Spark Scala: Load Data from SQL Server
In article Connect to SQL Server in Spark (PySpark), I showed how to connect to SQL Server in PySpark. Data can be loaded via JDBC, ODBC and Python drivers. In this article, I will directly use JDBC driver to load data from SQL Server with Scala.
Download JDBC driver
Download Microsoft JDBC Driver for SQL Server from the following website:
Copy the driver into the folder where you are going to run the Scala scripts. For this demo, the driver path is ‘sqljdbc_7.2/enu/mssql-jdbc-7.2.1.jre8.jar’.
Connect to SQL Server
Follow these steps to setup Spark session and then read the data via JDBC.

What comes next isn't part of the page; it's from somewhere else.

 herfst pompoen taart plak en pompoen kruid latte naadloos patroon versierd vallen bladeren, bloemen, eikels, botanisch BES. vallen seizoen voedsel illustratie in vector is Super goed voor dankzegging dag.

1) Added JDBC jars into Java classpath
The sample code runs in Spark Shell. JAR file is specified in spark-shell command. In a Scala script file, JAR files can be added directly when creating Spark session.
spark-shell --jars F:\lib\sqljdbc_7.2\enu -c spark.ui.port=11111
Location 'F:\lib\sqljdbc_7.2\enu' is where SQL Server JDBC driver is stored in my PC.

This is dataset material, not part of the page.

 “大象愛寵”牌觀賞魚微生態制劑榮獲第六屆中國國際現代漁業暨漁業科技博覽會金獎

2) Setup database connection variables
val database = "test" val table = "dbo.Employees" val user = "zeppelin" val password = "zeppelin"
3) Load data via JDBC
val jdbcDF = (spark.read.format("jdbc") .option("url", "jdbc:sqlserver://localhost:1433;databaseName="+database) .option("dbtable", "Employees") .option("user", user) .option("password", password) .option("driver", "com.microsoft.sqlserver.jdbc.SQLServerDriver") .load())
The above code snippet reads data from table Employees in database test in a local SQL Server instance. The authentication method is SQL Server authentication.
4) Show the DataFrame
scala> jdbcDF.show() +----------+------------+--------+--------------------+ |EmployeeID|EmployeeName|Position| Salary| +----------+------------+--------+--------------------+ | 1| Marcus| CTO|[00 C2 DC 57 1B 7...| | 2| Christopher| CIO|[00 C2 DC 57 1B 7...| | 3| Isabelle| CEO|[00 C2 DC 57 1B 7...| +----------+------------+--------+--------------------+